Я хорошо знаю, что чуть-чуть ласки с моей стороны, и Брайан не сможет долго на меня дуться. Этим я и пользуюсь.

Я немного отодвигаю столик и сажусь Брайану на колени.

– Не беспокойся, хотя бы до тех пор, пока на это не будет причины, ок?

На его губах проскальзывает улыбка, и я понимаю, что дело сделано.

– Рано или поздно эти уловки тебе не помогут, Анаис…

Я улыбаюсь ему, а он похлопывает меня по ягодице и притягивает к себе для быстрого поцелуя.

– Тебе везет, что я тебя люблю, – произносит Брайан.

– М-м-м… – мурлычу я в ответ, – и я тебя люблю, Майлс.

3

Анаис

Я жива, пусть это, возможно, никого и не волнует.

Сегодня я должна остаться в школе на тренировку, а поскольку по вечерам уже становится холодно, я беру с собой куртку. Не хочу подхватить простуду и торчать из-за нее дома. Все время кажется, что там стены обступают меня все плотнее.

Я едва вышла из ванной, но тут же возвращаюсь обратно, чтобы проверить, все ли в порядке.

Я нервничаю. Сегодня – тот самый день. День, когда я познакомлюсь с парнем, которого хотят усыновить мои родители.

Пока завязываю волосы в высокий пучок, думаю о происходящем и прихожу к выводу, что более идиотской ситуации нельзя себе и представить. Я понимаю, что выгляжу лицемерно, однако даже таким образом невозможно потрясти устои отдельно взятой семьи. Особенно, когда эти самые устои уже вовсю ходят ходуном.

К черту! В кого я превращаюсь? Я опустилась до того, что считаю парня, которому не повезло в жизни, неприятностью. Я не узнаю себя.

Хочу поговорить с Евой, но она сейчас занята экзаменами, и мы не созванивались с того самого дня, когда отец сообщил ей по скайпу эту новость. Мне показалось, что она тоже была растеряна, как и я, однако сестра сделала то, к чему привыкла за свою жизнь: улыбнулась и изобразила восторг.

Тот, кто придет теперь в наш дом, не испытает моих трудностей с пониманием себя. Он даже не столкнется с теми проблемами, которые моя семья так старательно скрывает, но это уже другая история, и ход событий зависит не только от меня.

Самым правильным будет принять этого парня и расположить его к себе.

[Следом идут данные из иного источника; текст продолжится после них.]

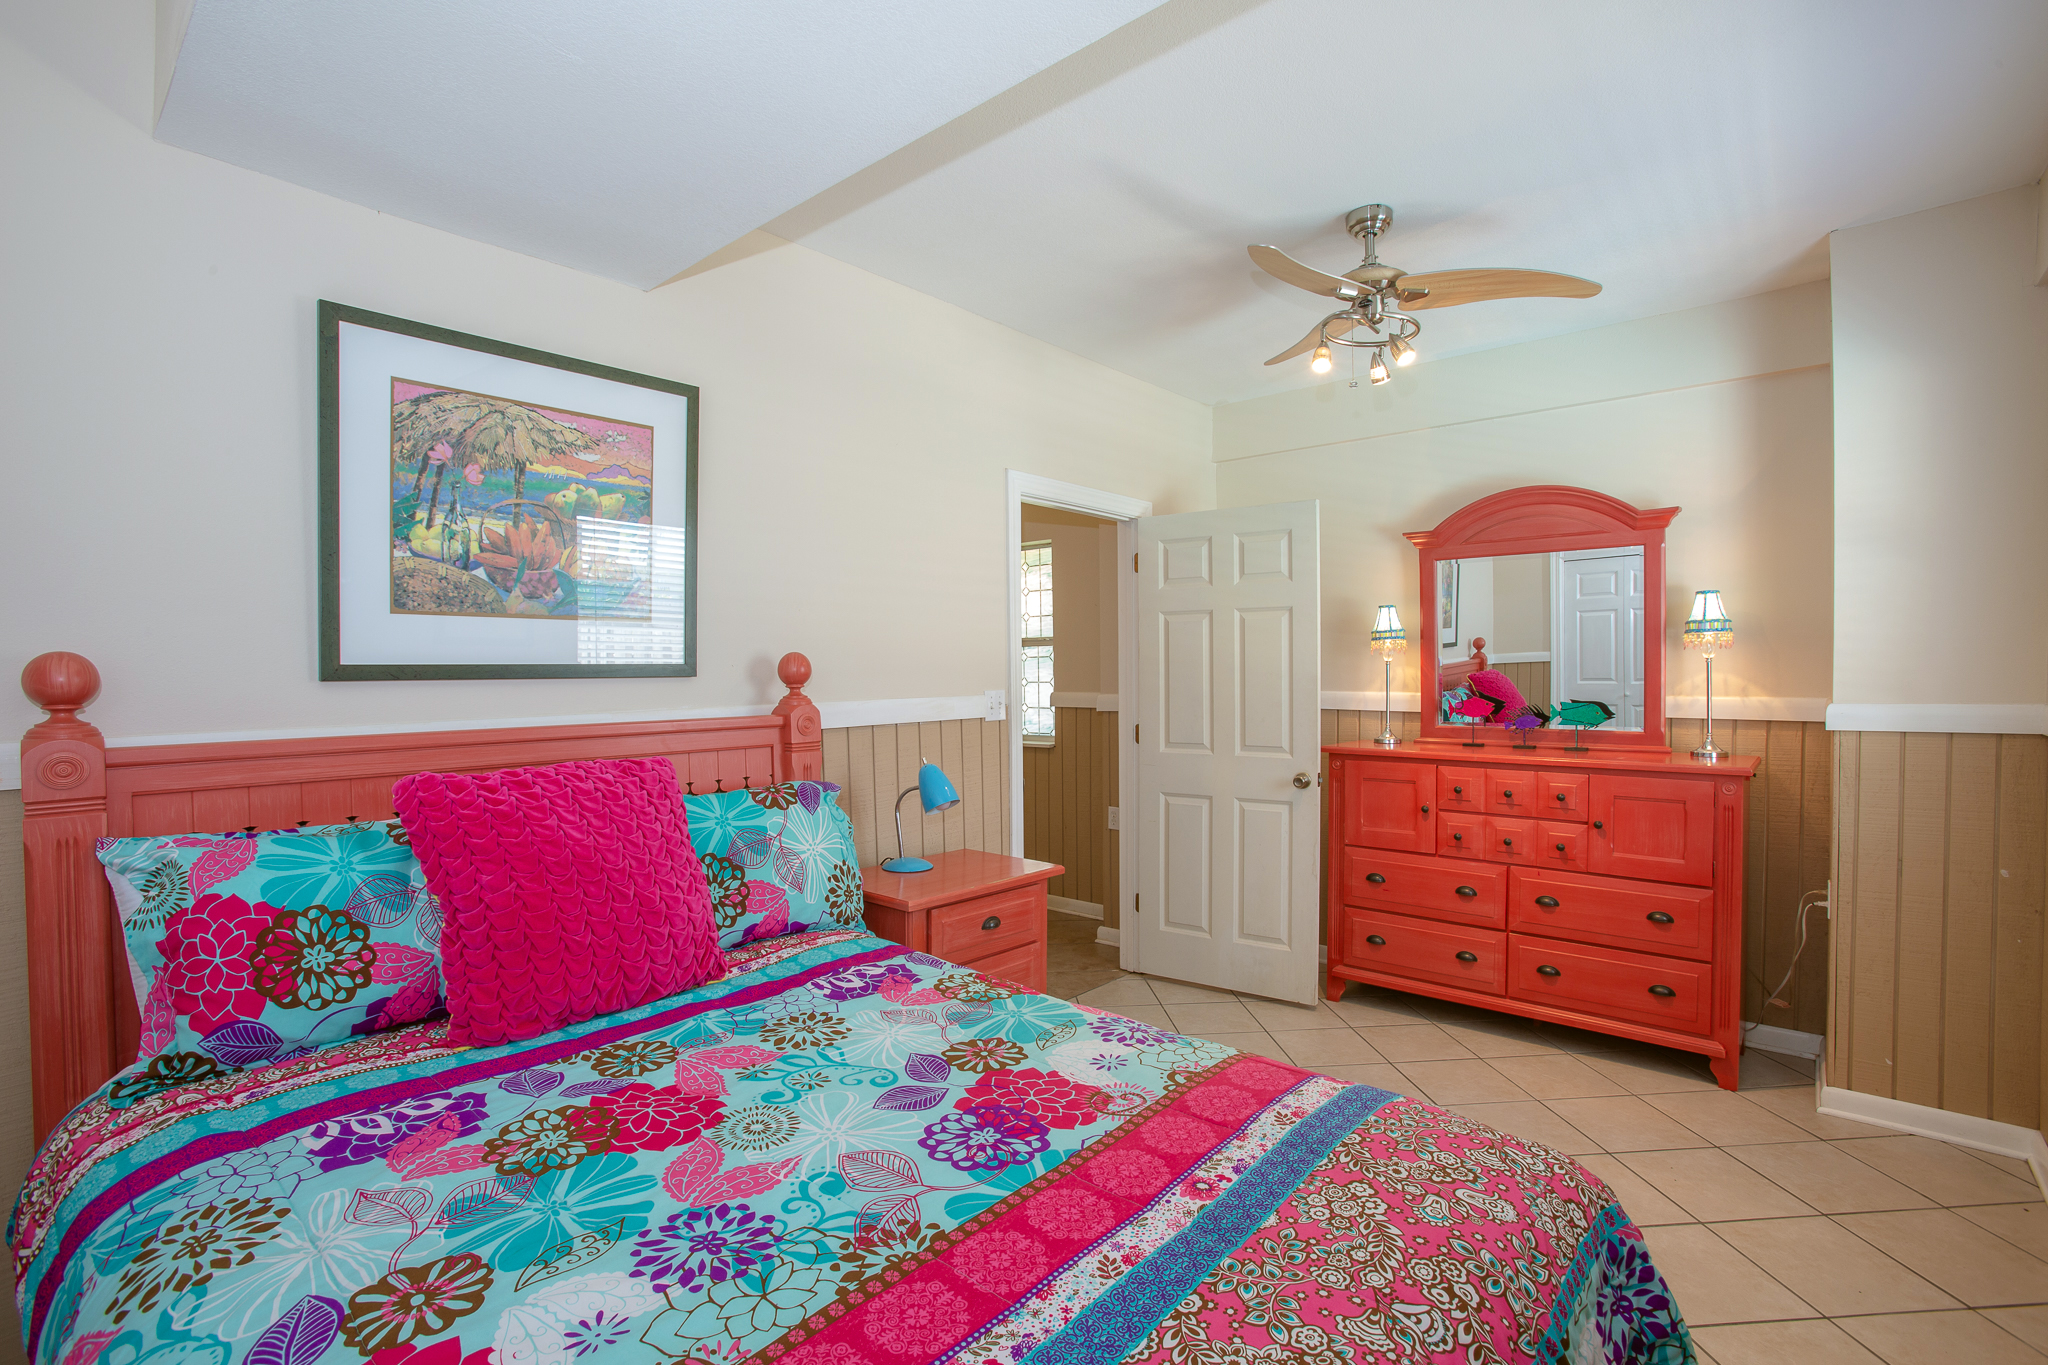 Maldonado 1015 - Sea the Big Picture House/Cottage rental in Pensacola Beach House Rentals in Pensacola Beach Florida - #27
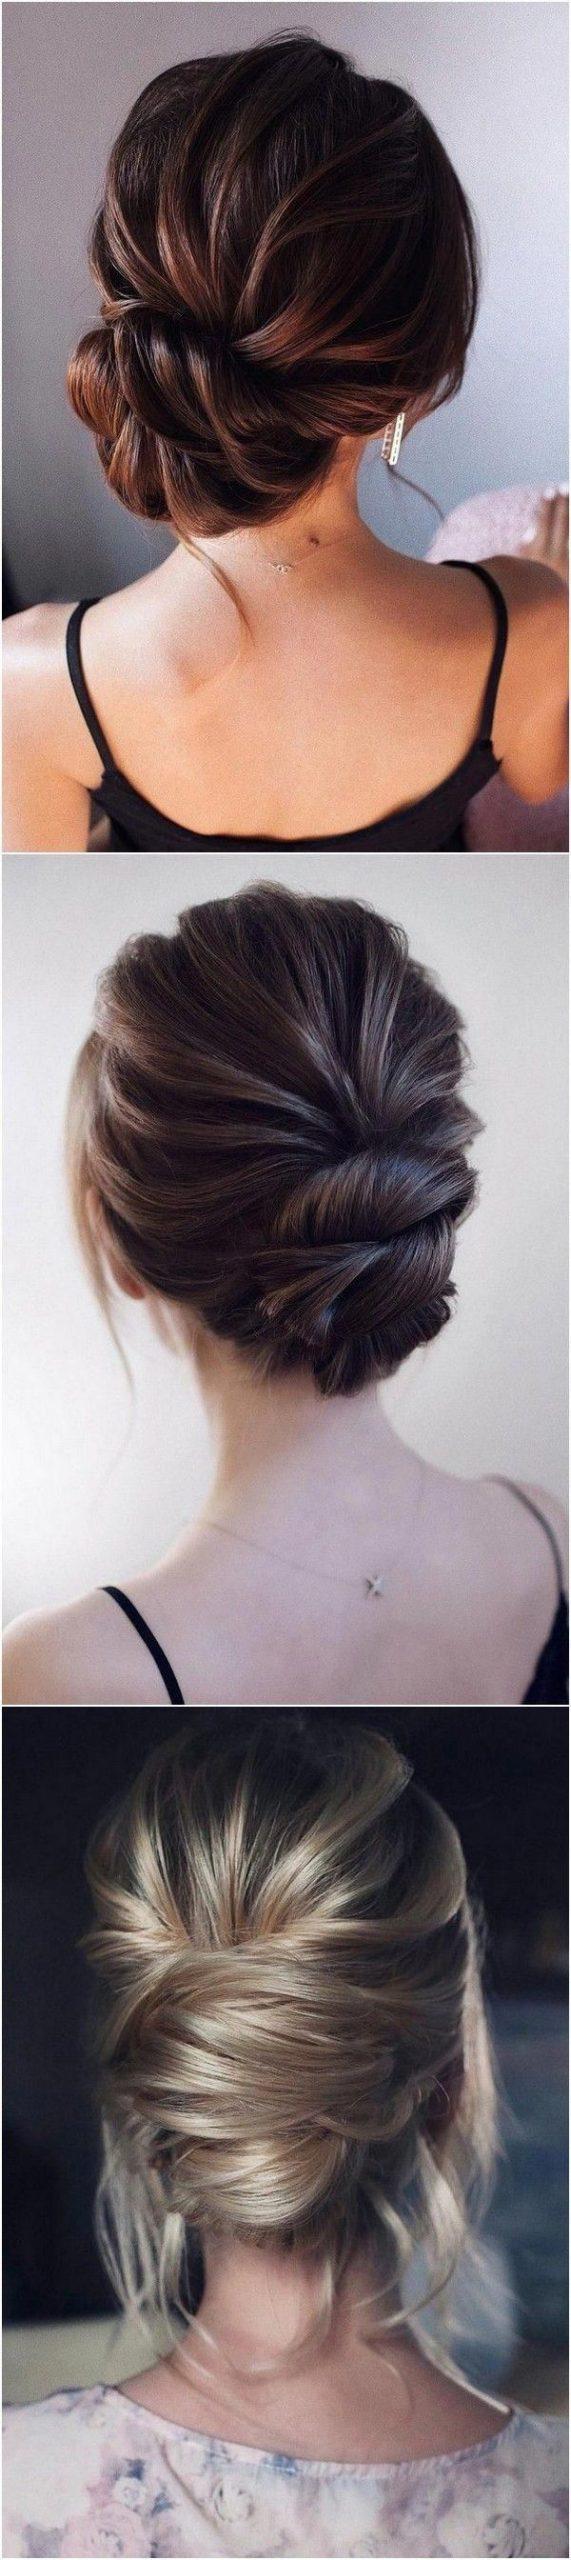 elegantes peinados de boda updo de bollo bajo 3 #weddinghairstyles ,  #peinadosd…

Однако сама мысль, что мои мать с отцом, неспособные любить своих родных детей, вдруг решили поиграть в заботливых родителей с чужим ребенком, вызывает у меня взрыв смеха.

Я делаю два глубоких вдоха.

«Анаис Керпер, прекрати!» – приказываю я своему отражению в зеркале.

Я не стала заморачиваться с макияжем, и это заметно. У меня огромные круги под глазами.

Когда ты одна из самых популярных девушек в школе, ты обязана серьезнее относиться к косметике и прочим штукам, но сегодня мне нужно быть самой собой. Так что никаких масок, в том числе макияжа, а также дорогущих платьев или мелирования – всего того, что «советует» мне мать, чтобы я произвела впечатление на моего обретшего плоть и кровь незнакомца.

Я проверяю отметины на руке. Они почти незаметны, так что нет нужды замазывать их тональным кремом. С трепетом я дотрагиваюсь до них, будто прошу остаться хотя бы еще ненадолго на коже. Это мои воспоминания о тех моментах, когда я падала и заново поднималась. Я не горжусь ими, но каждый раз, когда смотрю на них, понимаю, что значит быть тем, кто сумел выжить.

Я жива, пусть это, возможно, никого и не волнует.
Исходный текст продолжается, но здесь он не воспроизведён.